The U.S. Supreme Court recently delivered a ruling that limits the EPA’s authority to regulate certain bodies of water under the Clean Water Act (CWA) and provides a clearer definition for Waters of the United States (WOTUS), as part of their decision on landmark case Sackett v. U.S. Environmental Protection Agency. Texas A&M University associate professor and agricultural law specialist Tiffany Lashmet weighs in on the implications for the U.S. cattle industry.

Veselka carrie
Editor / Progressive Cattle

What was the working interpretation of WOTUS under the Supreme Court’s previous Rapanos decision before the Sackett case?

There was a great deal of confusion about the proper definition of WOTUS after the 2006 U.S. Supreme Court decision in Rapanos. In that case, a plurality of four justices agreed with a “relatively permanent body of water” test attributed to Justice Anthony Scalia. A fifth justice, Justice Kennedy, joined the plurality in the outcome of the case, but put forth a different test, one based on a “significant nexus” standard to get to that result. This left regulators, lawyers and landowners uncertain about the proper definition of WOTUS.

It was with this backdrop that the EPA and U.S. Army Corps of Engineers have sought to draft a regulatory definition of WOTUS. Since 2016, the three different presidential administrations have each drafted their own definition. The Obama and Trump versions were challenged and withdrawn, and the Biden rule which was finalized earlier this year is currently in effect in about half the U.S. states but is stayed in the remaining states due an injunction as part of ongoing litigation.

How does the Supreme Court’s new decision written by Justice Alito on the Sackett case affect how WOTUS is defined?

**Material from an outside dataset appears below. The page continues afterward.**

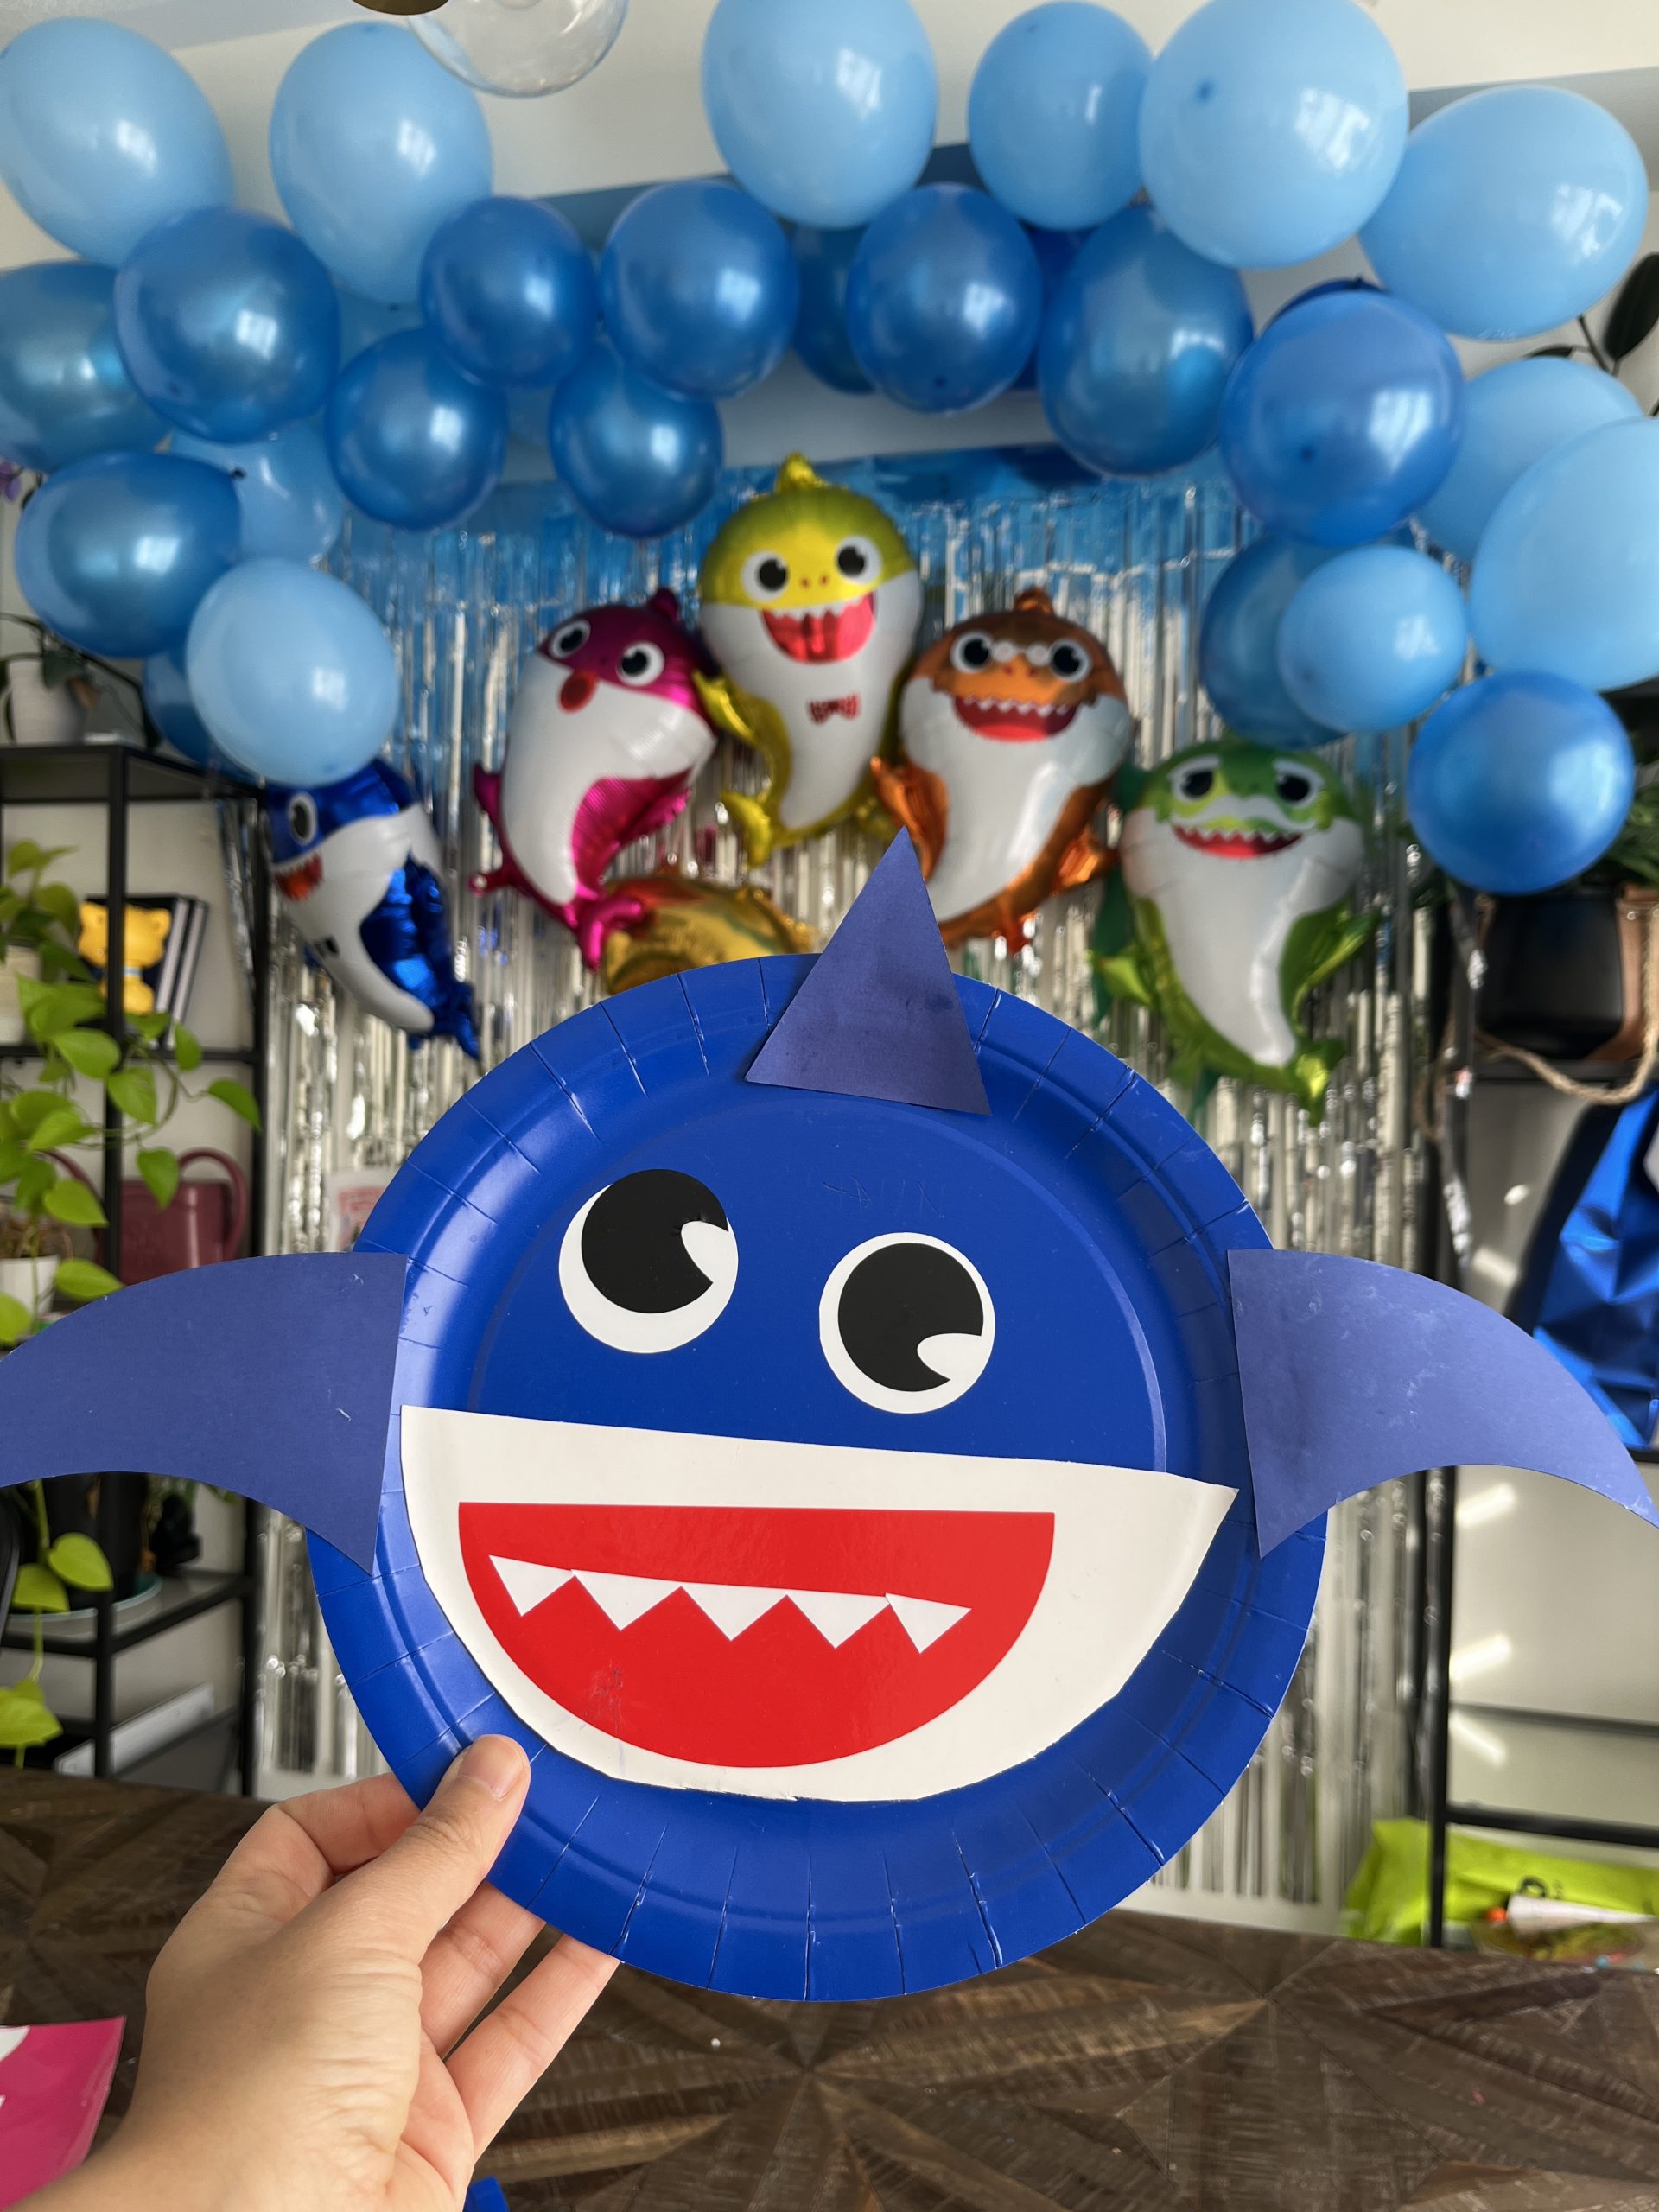 Baby Shark birthday party ideas - Hana's Happy Home

The key takeaway from the majority opinion is that the court unanimously held that Justice Kennedy’s “significant nexus” test is not the proper test to analyze whether a wetland is jurisdictional under the CWA. Instead, a majority of the court agreed that the proper test is whether the wetland has a “continuous surface connection to bodies [of water] that are ‘waters of the United States’ in their own right, so that they are ‘indistinguishable’ from those waters.”

There are still questions that remain, however. For example, the court did not address the proper test to determine whether a tributary is a WOTUS, which has been another commonly litigated issue.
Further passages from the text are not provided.